Невероятно, но Роберт, как оказывается, опередил всех. Факт вдвойне замечательный, если учесть, что обычно Роберт медлительнее улитки.

Прежде чем окончательно откланяться, миссис Обри взяла дам под свою опеку на весь следующий день: утром она пришлет к ним мадам Дюпуи, во второй половине дня Роберт повезет их на выставку, а вечером они отобедают у нее. Окрыленная успехом, она направилась к подругам хвастаться, что помогает своим соседям по Уитчерчу в презентации богатой невесты, баронессы Пильмур – сорок тысяч приданого, не считая имения и оловянного рудника в Корнуолле!

Вечером заехал мистер Медоуз, чтобы доложить о своих успехах в поисках кареты и лошади для Оливии. Он уверил дам, что будет счастлив сопровождать их в Сомерсет-Хаус завтра днем.

Баронессе Пильмур, проводившей обычно дни в верховой езде, а вечера в картежных играх со слугами, ее новая жизнь казалась безумно интересной.

– Пока мы не найдем для вас нечто совершенно потрясающее, вы можете пользоваться моим экипажем, – сказал мистер Медоуз.

Его глаза встретились с глазами Лауры, и она вновь заметила в них улыбку.

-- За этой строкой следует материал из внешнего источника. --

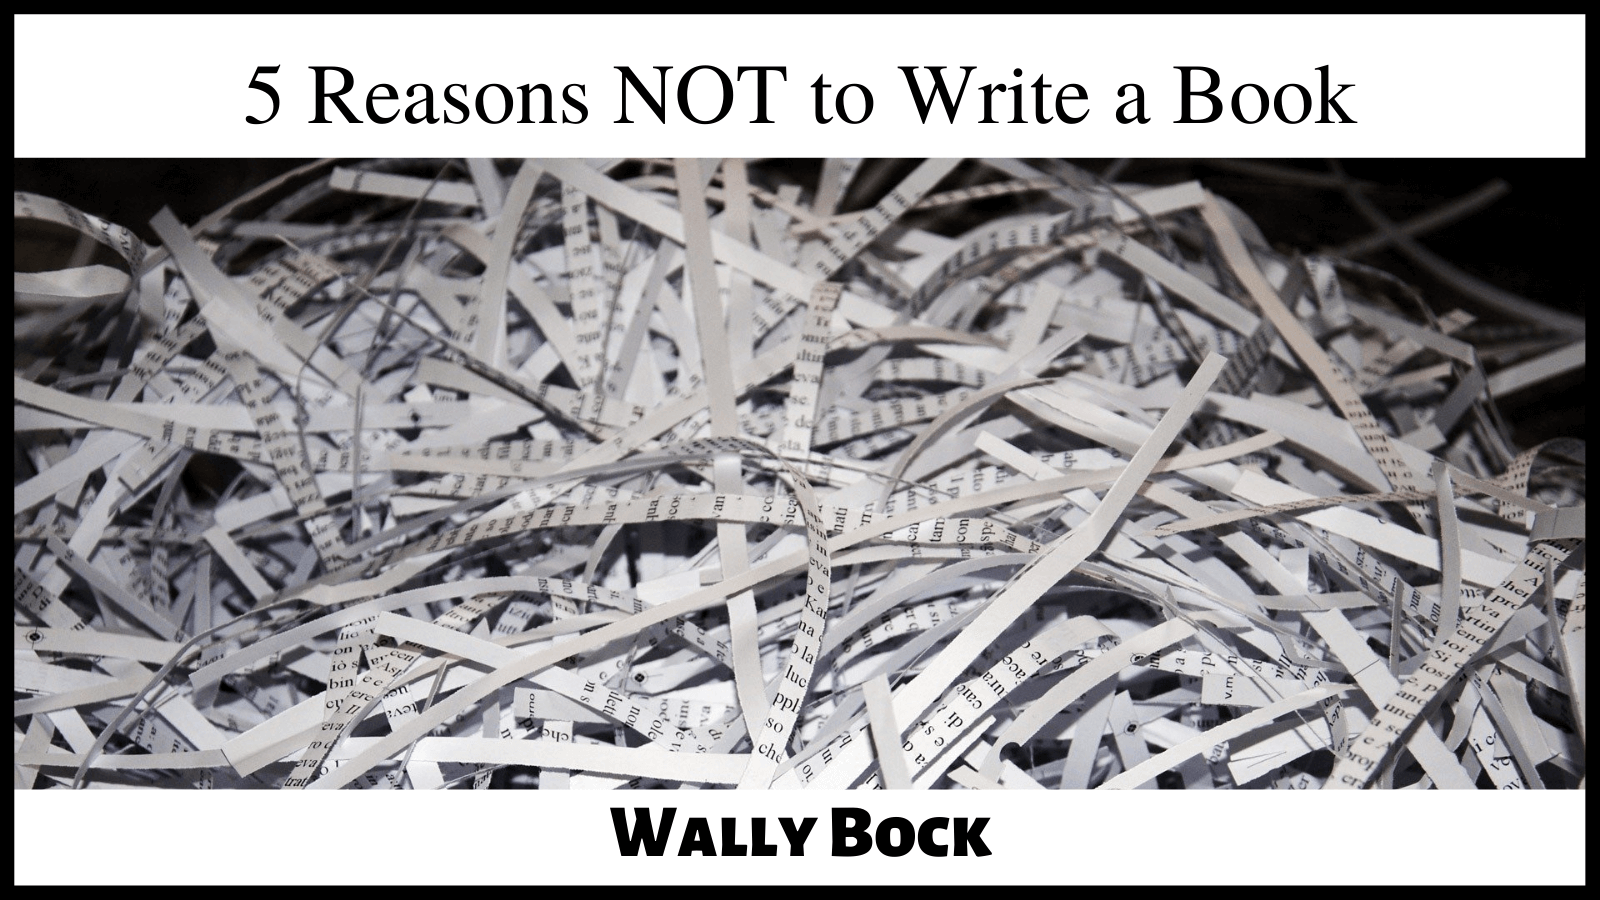 5 Reasons NOT to Write a Book

На минутку, пока Оливия помогала миссис Харвуд поудобнее пристроить „душку-откидушку“ Хетти Тремур, они остались наедине, и мистер Медоуз наклонился к Лауре и сказал:

– Я правильно понял, что берлина баронессы – именно та самая колымага, что застопорила вчера движение на расстоянии десяти миль к востоку от Лондона?

– Совершенно верно, мистер Медоуз, и чем скорее вы найдете подходящий для города экипаж, тем лучше.

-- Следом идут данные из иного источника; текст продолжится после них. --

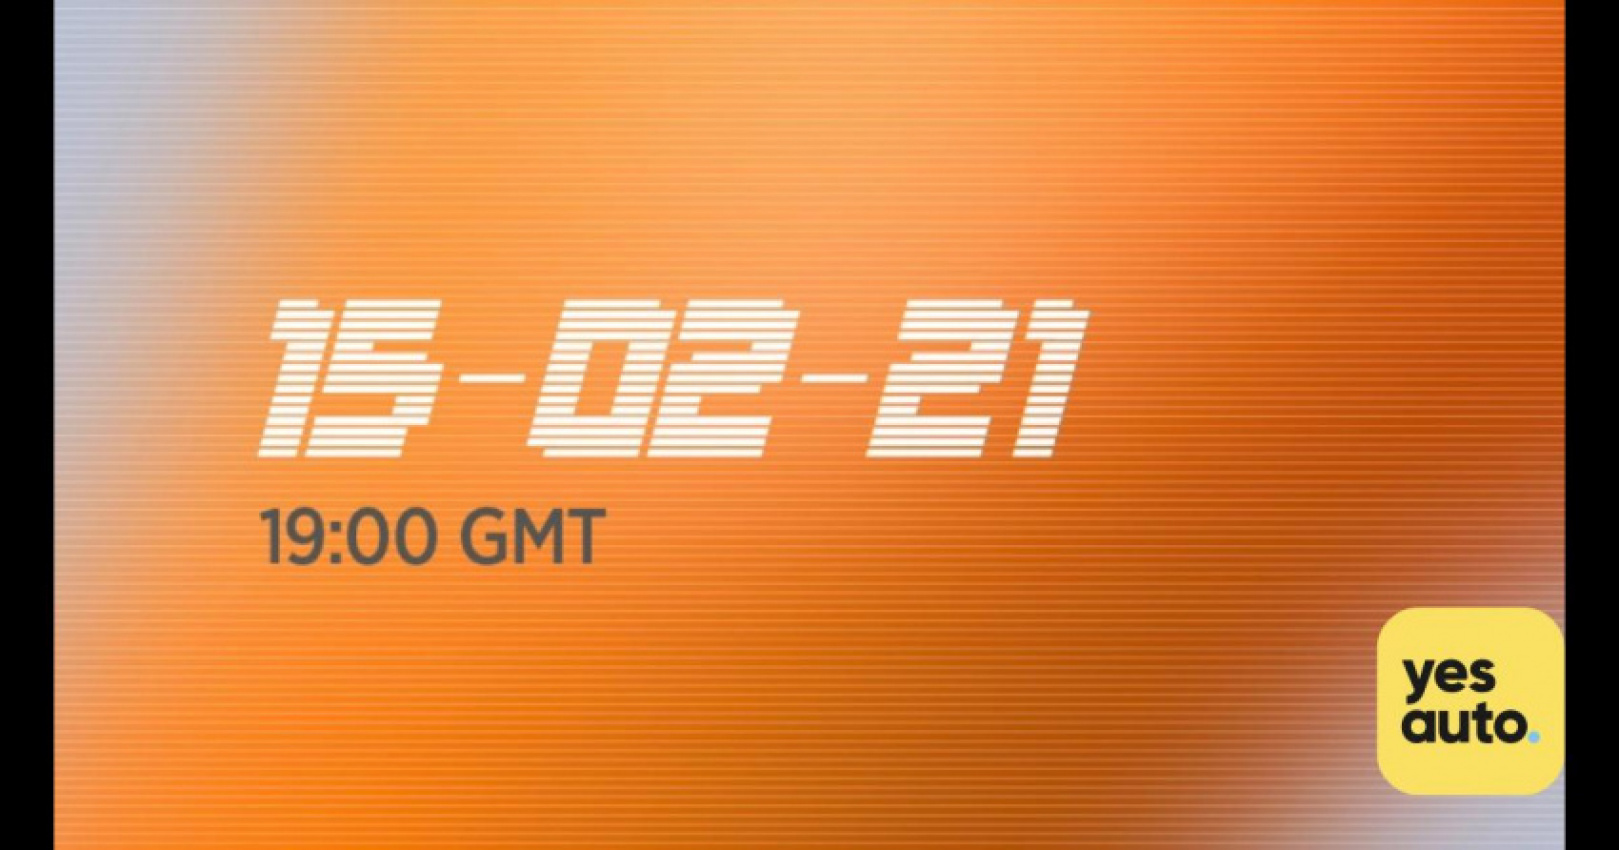 autos, cars, mclaren, car news, motorsport, what to expect from the live 2021 mclaren f1 car reveal

– В витрине одного из магазинов вывесили карикатуру. Берлину окрестили Черепахой. Весь город сгорает от желания узнать, кто ее владелец. Баронесса, безусловно, станет самым большим оригиналом Сезона.

Его шутливый тон подсказал Лауре, что любопытство города рано или поздно будет удовлетворено.

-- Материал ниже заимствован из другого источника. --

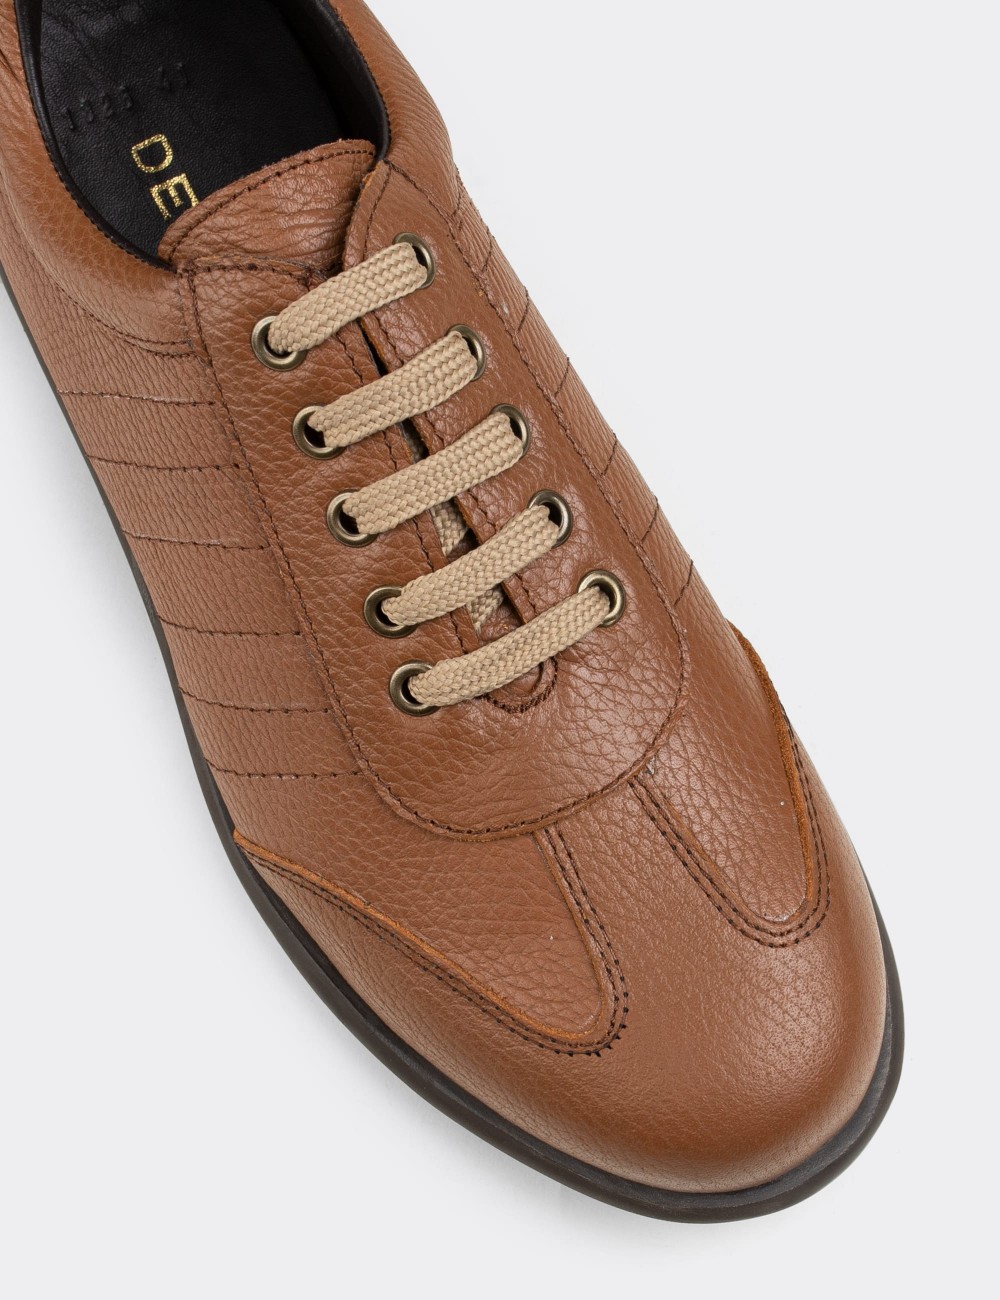 Tan  Leather Lace-up Shoes - 01826MTBAC05

– Мы упали в глазах общества, даже еще не представ перед ним? – рассмеялась она.

– Напротив, когда я упомянул, что встретил баронессу, полдюжины джентльменов потребовали, чтобы я их представил ей, и то, что о ней ничего неизвестно, возбудило сильнейшее любопытство. Вы будете на балу у леди Морган в конце недели? Это первый большой прием Сезона.

Лаура нахмурилась, как бы припоминая, получено ли приглашение.

– Я не уверена…

– Обязательно приходите, – настаивал мистер Медоуз.

– Не могу сказать, знакома ли баронесса с леди Морган, но точно знаю, что я нет.

– Тетя все устроит!

„Душку-откидушку“, наконец, установили. Общая беседа продолжалась еще минут двадцать, после чего мистер Медоуз откланялся.

– Самое лучшее сейчас для нас – это лечь спать, – сказала Хетти. – Завтра нас ждет суматошный день. Не знаю, может, достаточно будет сопровождения мистера Медоуза в Сомерсет-Хаус? Как ты думаешь, Лаура, мне обязательно идти на выставку с вами?

– Нет, если вам удобнее остаться дома, мэм, – ответила Лаура.

– Я пойду на обед к миссис Обри, но что касается всего остального… Мне кажется, мы можем положиться на мистера Медоуза. Он позаботится о вас и не позволит мистеру Хайятту добраться до Ливви.

Наподобие Лауры, мистер Медоуз в глазах миссис Тремур поднялся до высоты божества.

Ночью, лежа на огромной кровати, покрытой балдахином, Лаура не могла поверить, что все обернулось так удачно – благодаря мистеру Медоузу! При более близком знакомстве этот джентльмен оказался лучше, чем она о нем думала. Она даже заметила у него чувство юмора, которое прежде не знала за ним.

В Лондон Лаура приехала без надежд на замужество, но сейчас ей показалось возможным хотя бы пофлиртовать с мистером Медоузом.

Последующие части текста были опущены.